Separately, the Chair of the Tufts IRB, a computer scientist, in complaint to the publisher of one critical review of the case [10], wrote: ‘There was no research ethics committee or IRB review and approval in effect for the study when it was conducted in 2008’. This gross error of fact, with reference to the NIH grant and related IRB authorisations quoted above, itself calls into question the professionalism or objectivity of the 2012 Tufts IRB review which led to the retraction. (The research sophistication and quality of the retracted paper can be reviewed online [44]).
Henry Miller, a physician, molecular biologist and the founding director of the US Food and Drug Administration (FDA), commented in 2015 on the retracted paper: ‘A 2012 article in the nutrition literature might have been the most momentous contribution to public health worldwide since Dr. Jonas Salk’s announcement of the polio vaccine. The operative phrase is might have been, because intimidation, politics and the dishonest, anti-science efforts of NGOs to impugn the research have delayed the translation of its findings to life-saving interventions for millions of children. Why do anti-genetic engineering activists want to save the whales but let children go blind and die?’ [45].
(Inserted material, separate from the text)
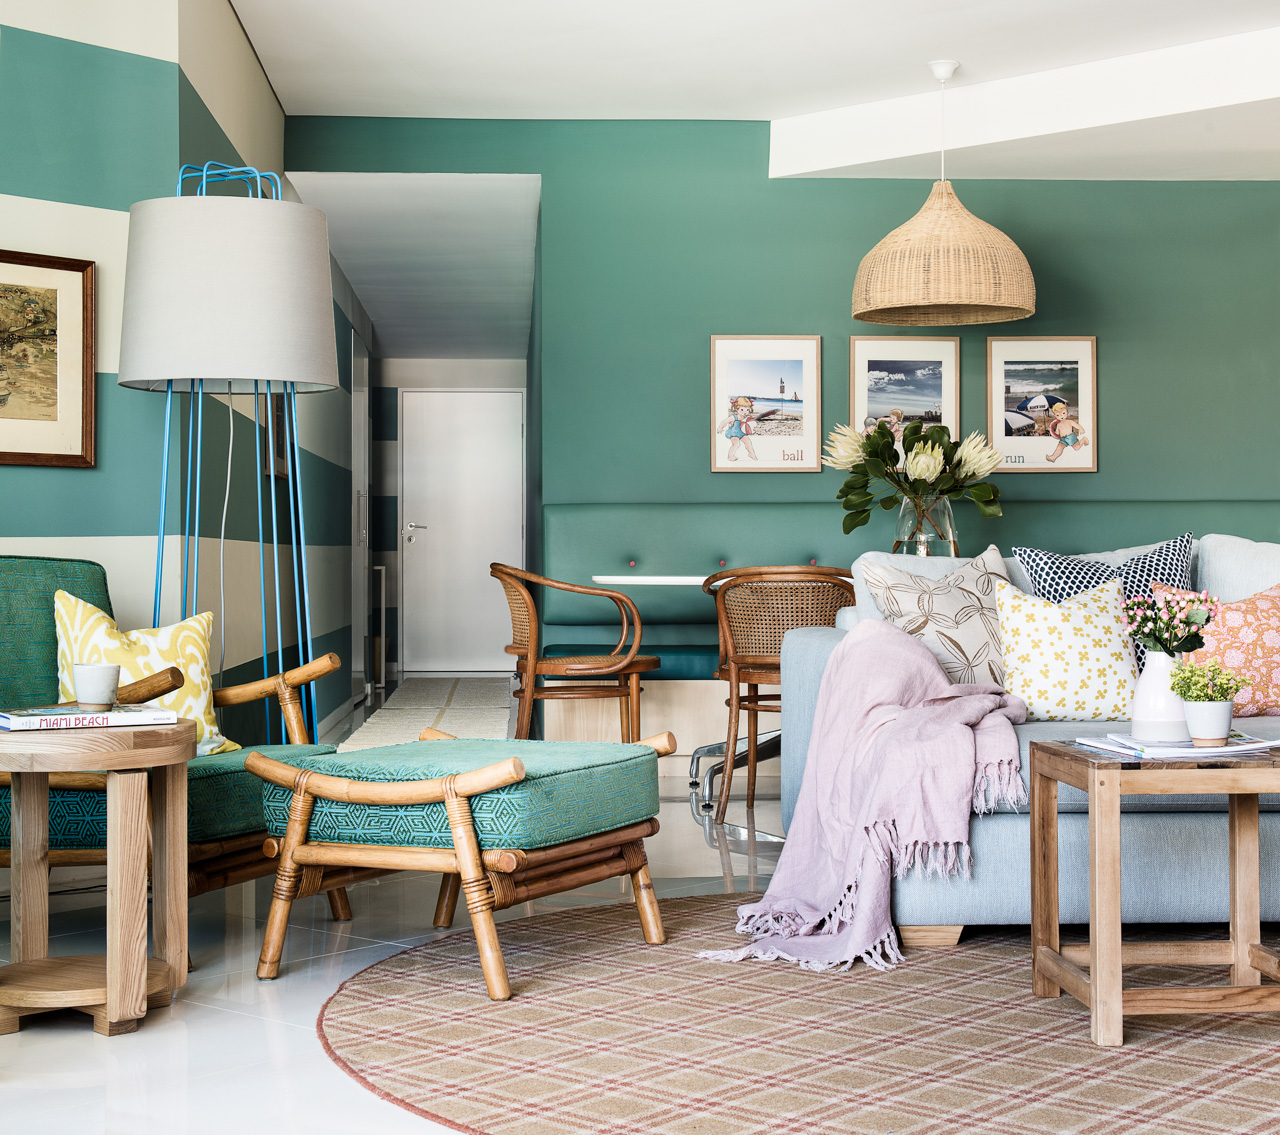 Dulux Colour Awards showcases stunning residential interiors - The

The data generated by the above-mentioned research allow determination of the proportion of the estimated average requirement (EAR) the β-carotene content of Golden Rice can provide to children and adults (Table 2). If Golden Rice was the sole source of β-carotene in the diet, 50% of the EAR is sufficient to combat VAD [46]. Many nutritionists consider that supply of 30–40% of the EAR will be sufficient to combat VAD because the biofortified staple crop is seldom the only source of β-carotene. (The recommended daily allowance—RDA—which implies maintenance of 3-months liver stores of vitamin A, is not required to combat VAD.) The calculations (Table 2) use the β-carotene levels observed in different Golden Rice cultivars (e.g. RC82, BR29, IR36, IR64) of Golden Rice GR2E 2 months after harvest, when degradation has stabilised. A 6% loss of β-carotene in cooking Golden Rice, or 25% loss of β-carotene when a Golden Rice meal is parboiled first, and then reheated, has not been taken into account.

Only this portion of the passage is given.